Damages are normally substantial for claims of Stress at Work. Compensation is often awarded for:

  • Personal Injuries
  • Hurt Feelings
  • Lost earnings, both past and possible future losses
  • Loss opportunity, in the labour market (a Smith v Manchester award)
  • Lost pension
  • Treatment Costs
  • Lost bonuses
  • Travel, as well as other related expenses

Although Stress at Work claims are complex, these basic principles apply:

  1. A Claimant must demonstrate proof of legal wrongdoing committed by the employer. This means that the employers actions were negligent or in a breach of their statutory duty.
  2. A Claimant must demonstrate that an injury or injuries were suffered and damage or loss was a result of an Employer’s wrongful action.
  3. Generally, except in those cases involved with the Protection from Harassment Act 1997, it is required to show proof that psychiatric injury to the claimant was the foreseeable result of the Employer’s legal wrongdoing.

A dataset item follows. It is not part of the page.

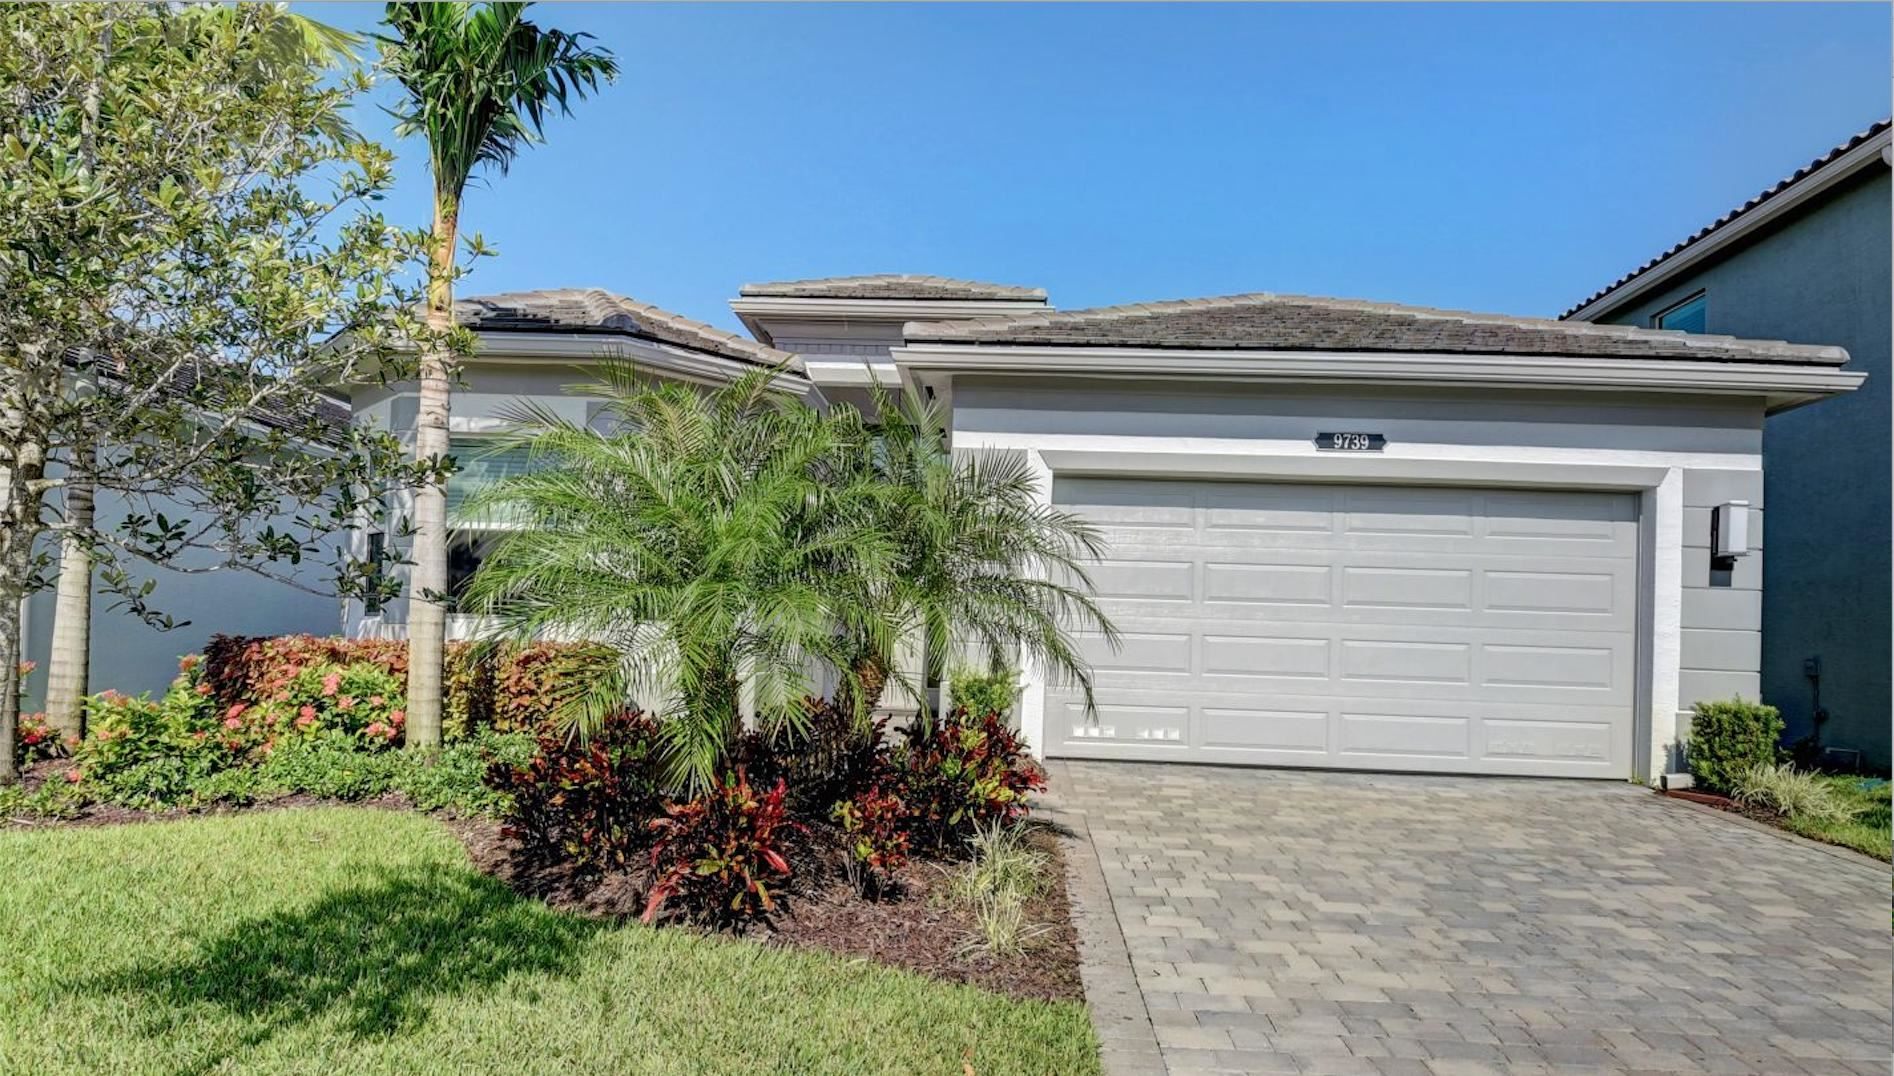 9739 Salty Bay Drive, Delray Beach, FL 33446 - #: RX-10671319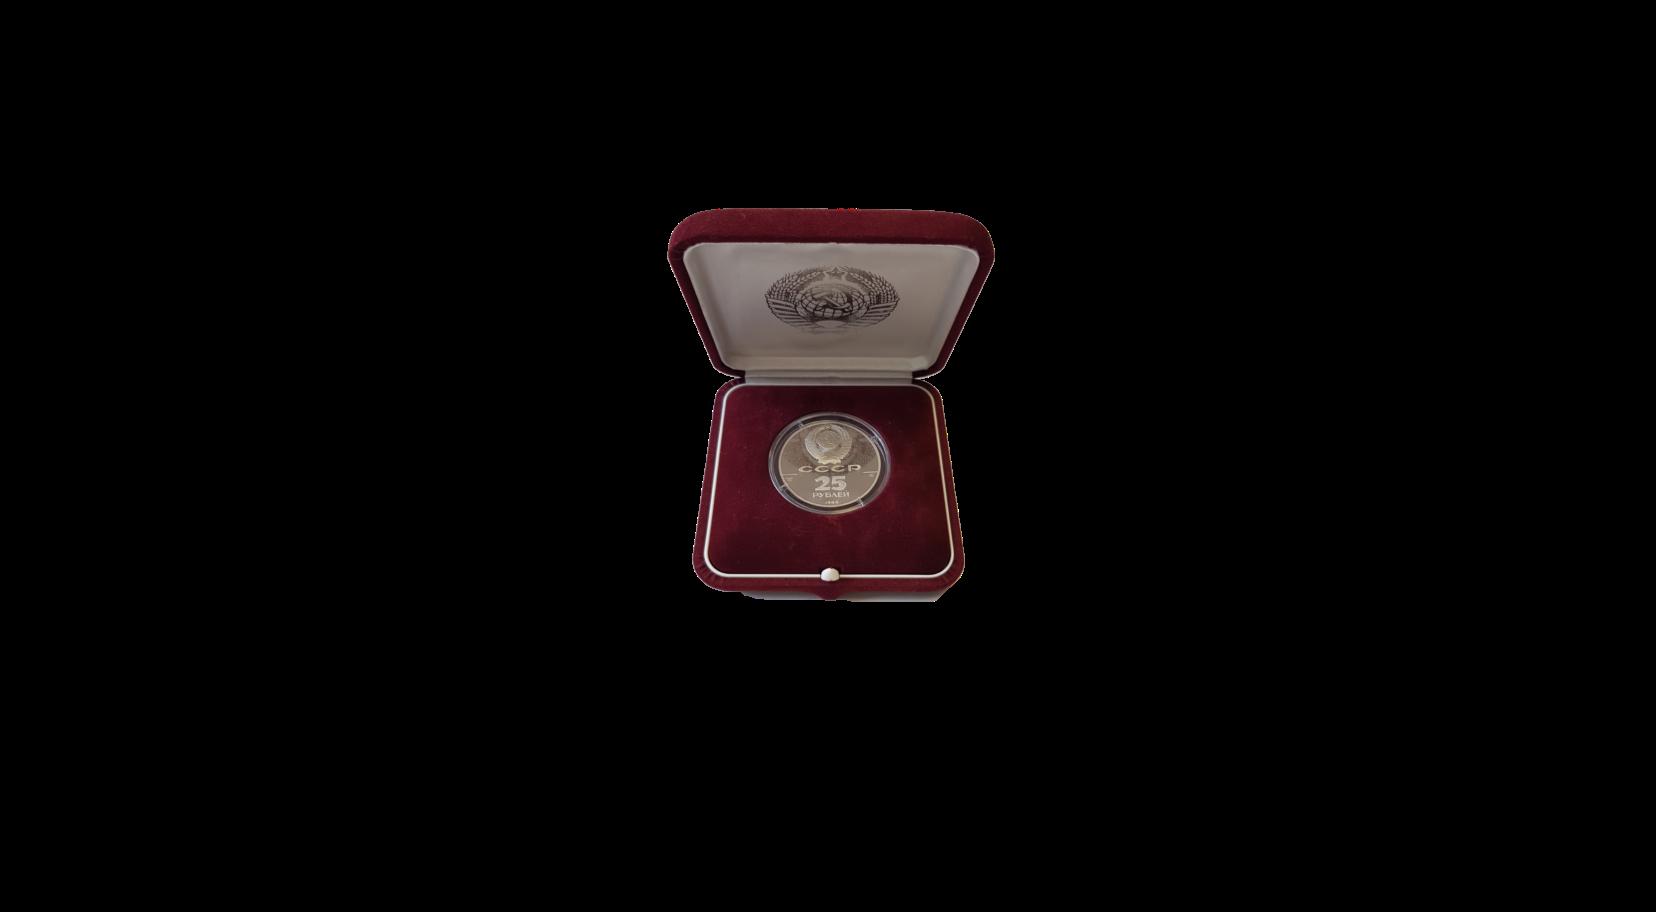 1 Unze (oz) 25 Rubel Palladiummünzen

The Protection from Harassment Act 1997 is an incredibly beneficial statute for Claimants as this Act covers an extensive array of wrongful conduct. Additionally, if the claimant can establish the employer’s responsibility under this statute, then foreseeability of psychiatric injury is not required. Also, the period of limitation under this statute is up to 6 years. Applications to a court using the Act are easier to adjudicate than discrimination claims brought under the Equality Act 2010.

The definitions of harassment within the Act are not absolute; however, most case law suggests conduct must be sufficiently grave for the Court to establish sanctions of a criminal nature against the harassing individual.

A correct test can be summarised appropriately from the case of Thomas v Newsgroup Newspapers (2001) EWCA 1233. In this case, it was judged that in order for conduct to equal harassment, such conduct must:

  • Have happened at least twice
  • The Claimant was targeted
  • Be deliberately calculated to cause distress or alarm
  • The conduct was in all situations ‘unacceptable and oppressive’

Claims based on negligence can often be determined by referencing the precedent of Hatton v Sutherland (2002) ICR 613 which provides a framework for assessment in claims filed for  Occupational Stress. Guidance and the law have progressed since the original Hatton  judgement was made however, the basis of the Hatton decision is still a starting point when assessing these types of claims.

In addition, the HSE publishes guidance regarding the management of workplace stress and it can be argued that failure in adhering to that guidance or not using that guidance as a reference whilst assessing workplace stress could be judged as negligent.

To summarise the HSE guidance, it identified six risk factors that an Employer needs to consider whilst assessing workplace stress risks that may occur:

  • Demands on an individual, such as their workload, for example, when regularly given excessive amounts or work and/or an unreasonable workload;
  • Control, when an individual has no control over workload;
  • Relationships, this assessment requires a look at possible harassment or bullying at work;
  • Change, how change at work is communicated or managed;
  • Role, ensuring that employees understand their role and do NOT have roles that conflict;
  • Support, from both management and colleagues;
  • Training, an employee needs proper training to fulfil the basic functions of their position;
  • Factors, these may be unique to individual employees.

A significant overlap exists between employment law and civil liability. The solicitor instructed to deal with the compensation claim must assess which is the best path to pursue, being either a civil claim for personal injury or an employment law claim through the Employment Tribunal. Although it is possible that both the Civil Courts and the Employment Tribunal could be utilised to pursue a claim, multiple claims based on the same incidents or facts can be considered as an abuse of the court system.